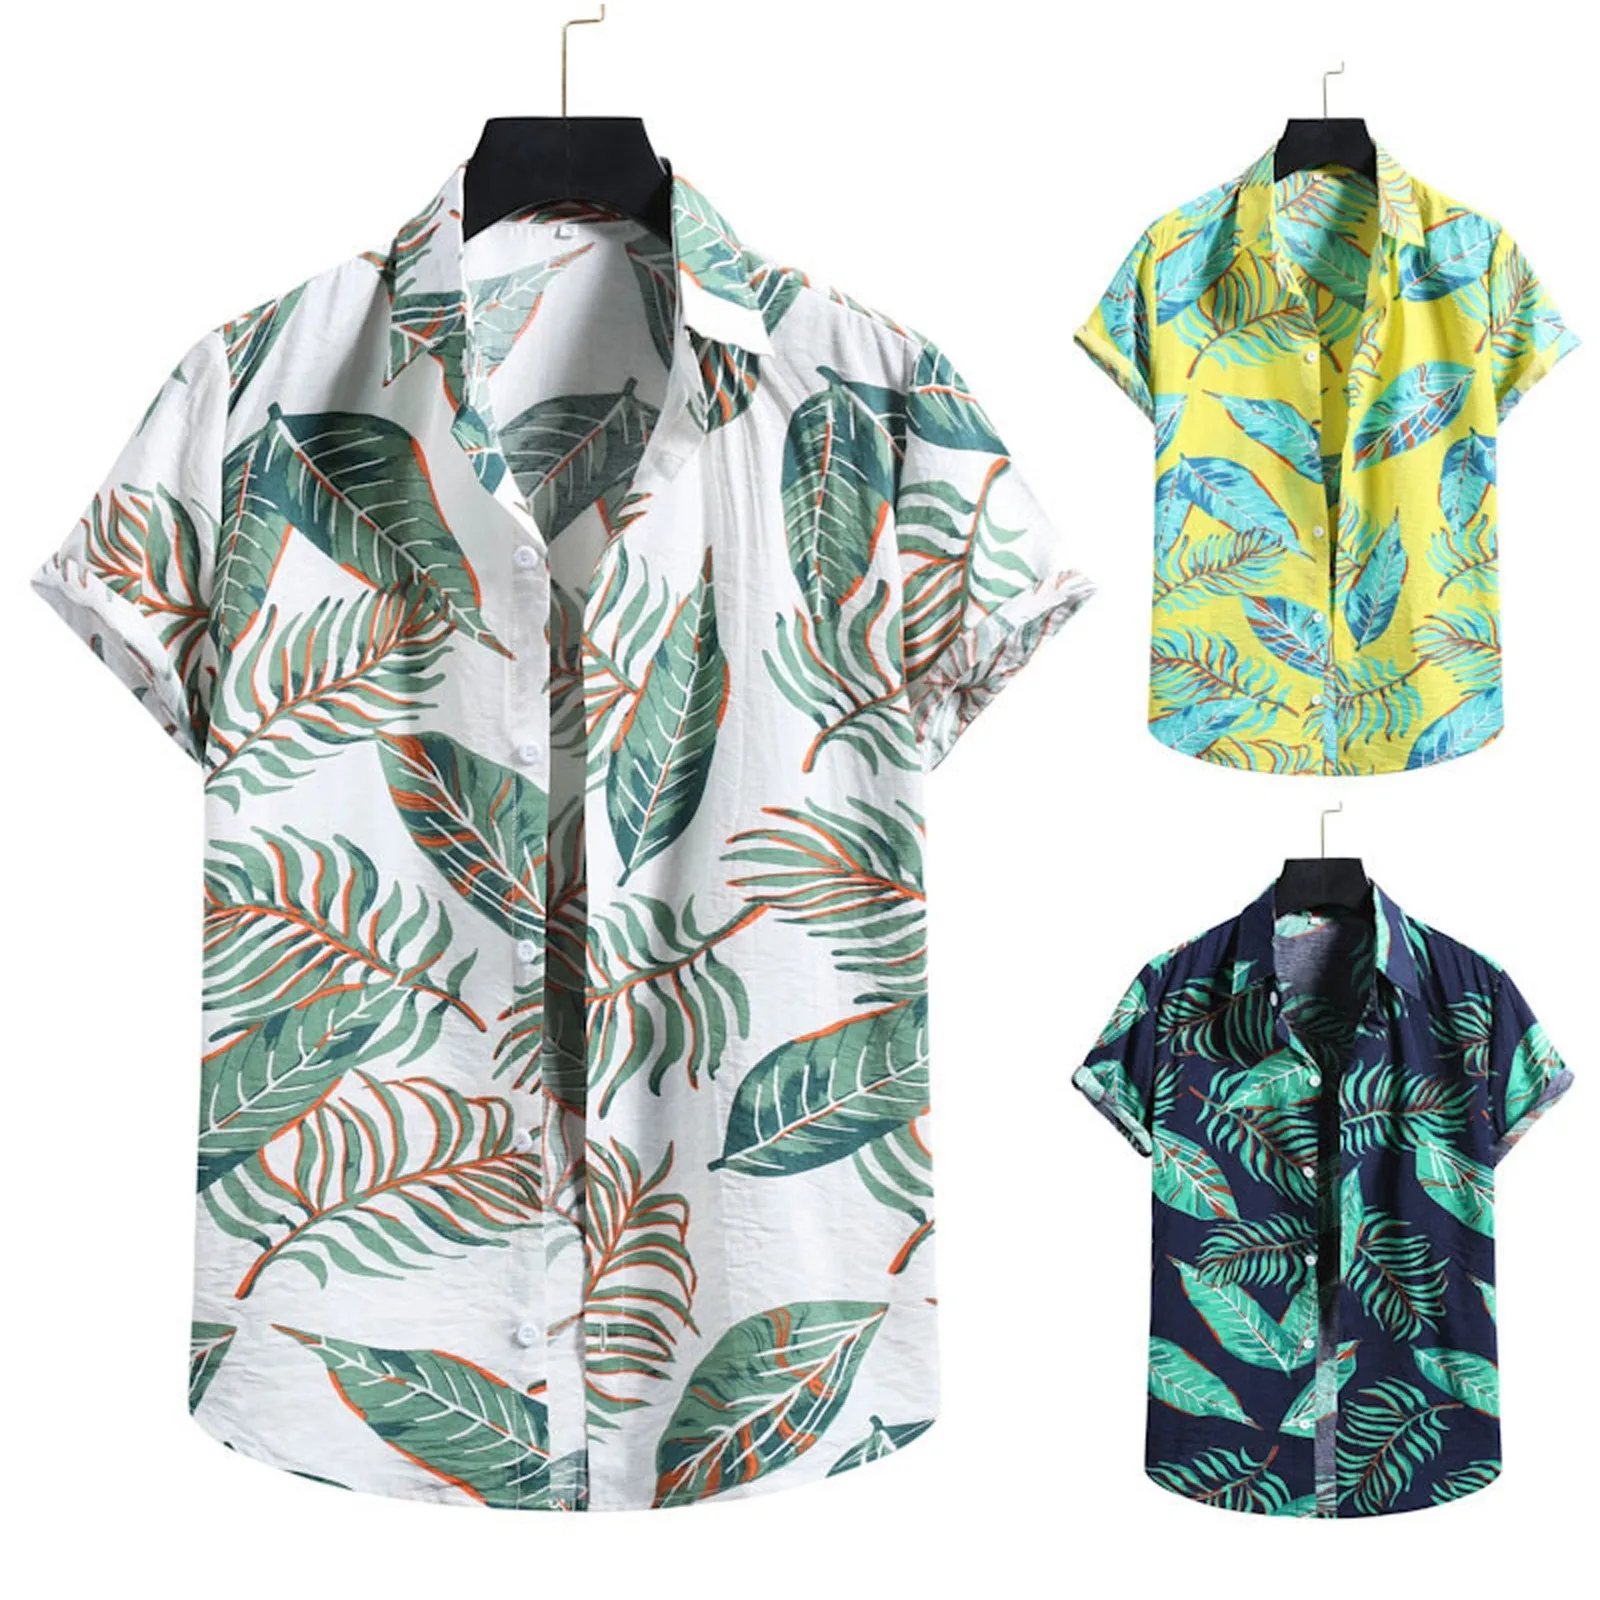 

Летняя мужская модная рубашка с принтом листьев, короткими рукавами, отворотами и пуговицами, повседневная Гавайская пляжная блузка, свободные топы, хип-хоп рубашки # g3
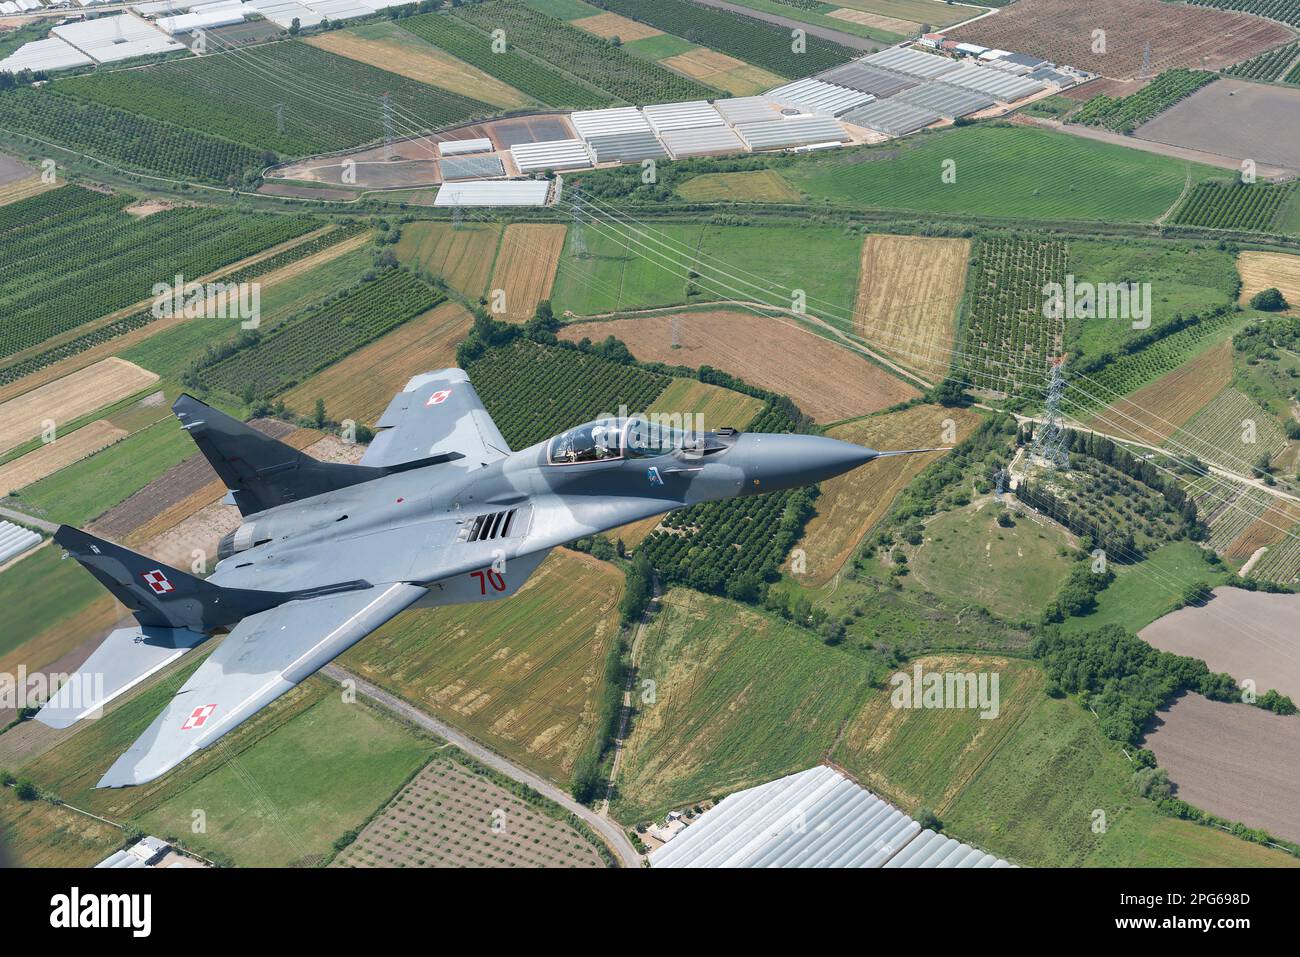 Avion de chasse MIG-29 de la Force aérienne polonaise survolant la campagne turque pendant un vol aérien Banque D'Images
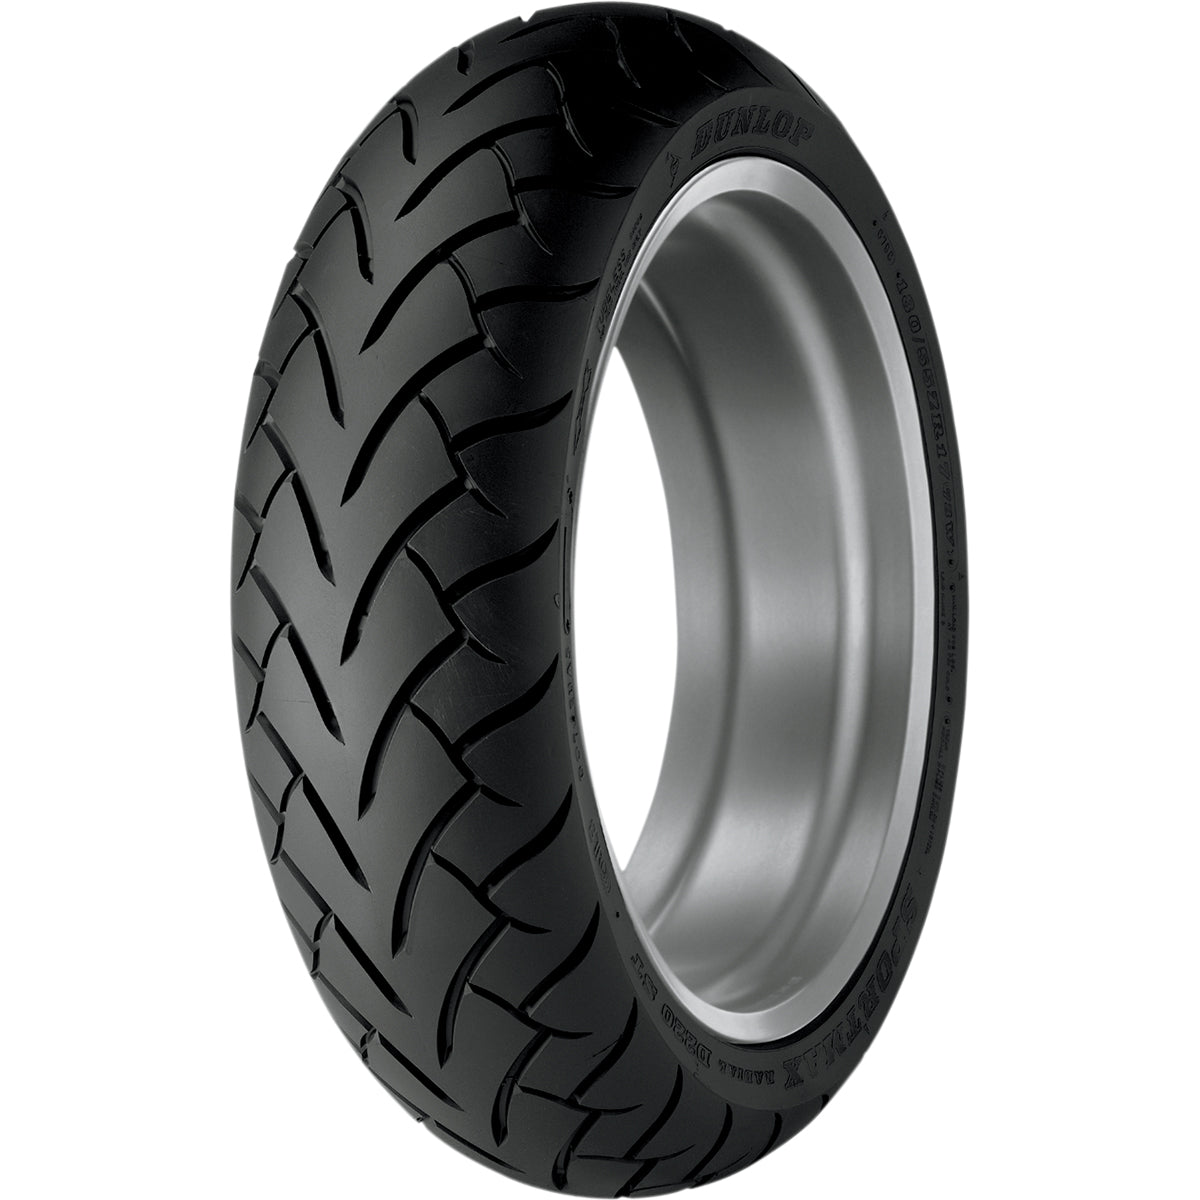 Dunlop D220 17" Rear Street Tires-3336
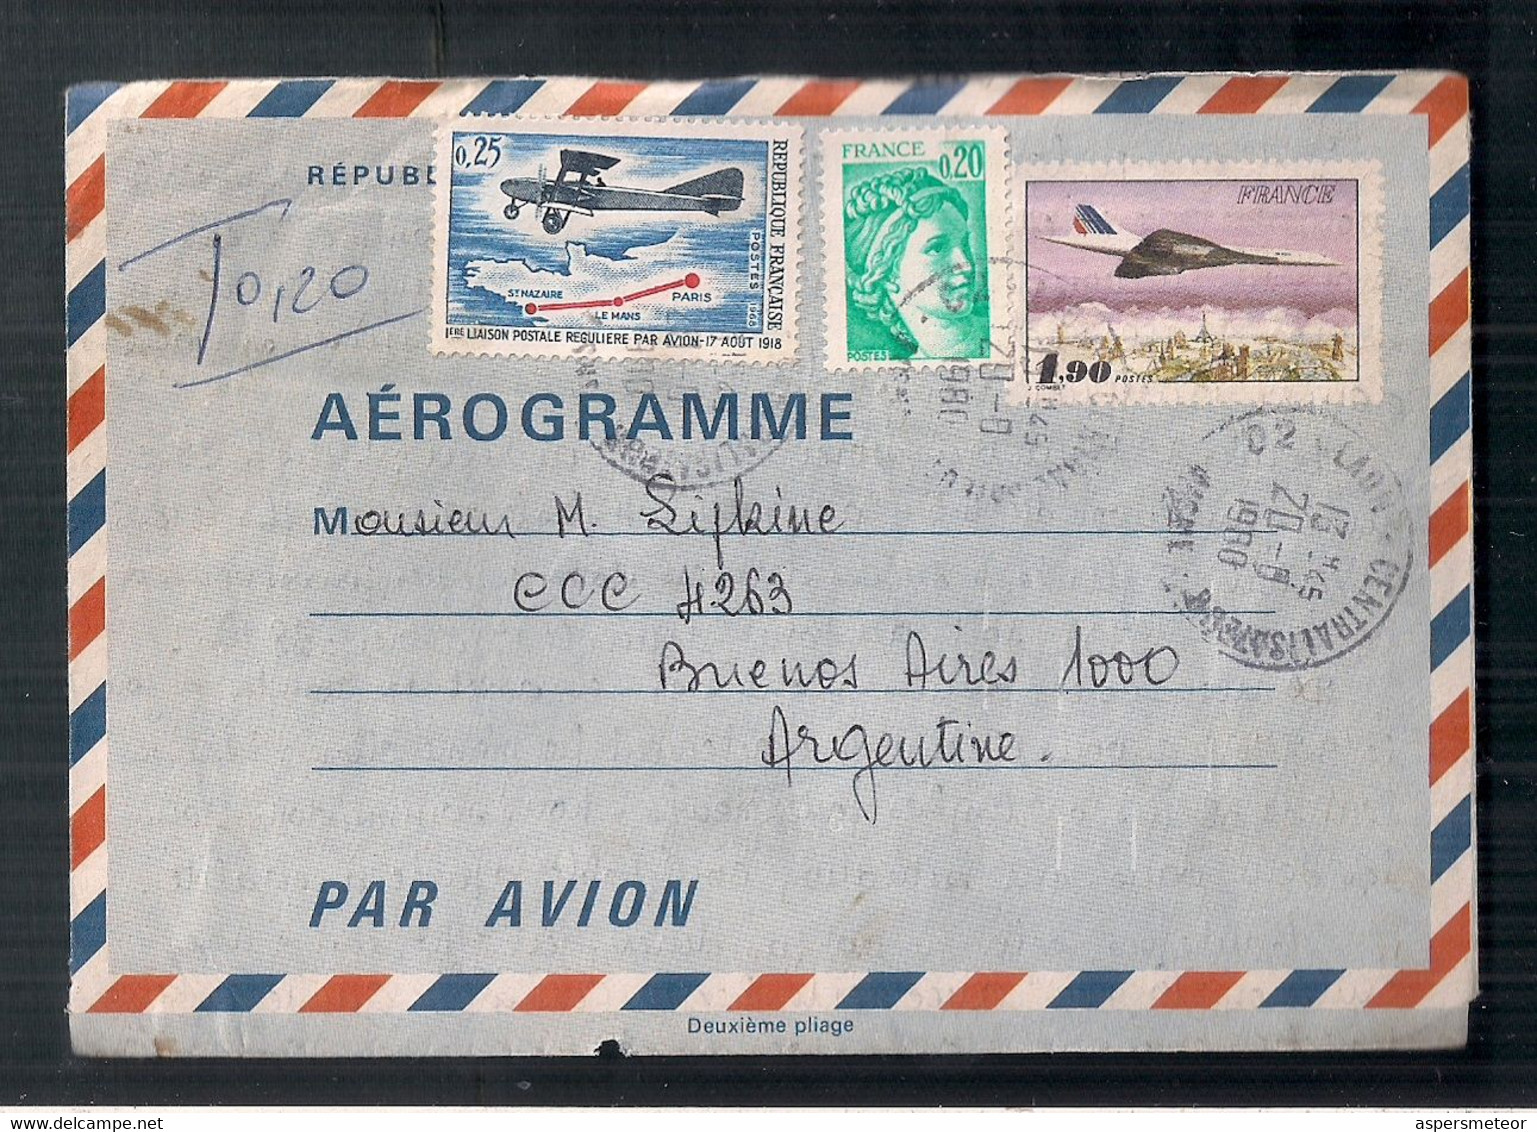 L'aérogramme De La France Diffusé à L'Argentine -A1RR2- - Covers & Documents

#### Problem:
The expected output is an exact copy of the lines from the one holding "Avion de chasse" through the last line of the listing above, with the pictures omitted.

#### Task response:
 Avion de chasse MIG-29 de la Force aérienne polonaise survolant la campagne turque pendant un vol aérien Banque D'Images
 Dunlop D220 17" Rear Street Tires-3336
 L'aérogramme De La France Diffusé à L'Argentine -A1RR2- - Covers & Documents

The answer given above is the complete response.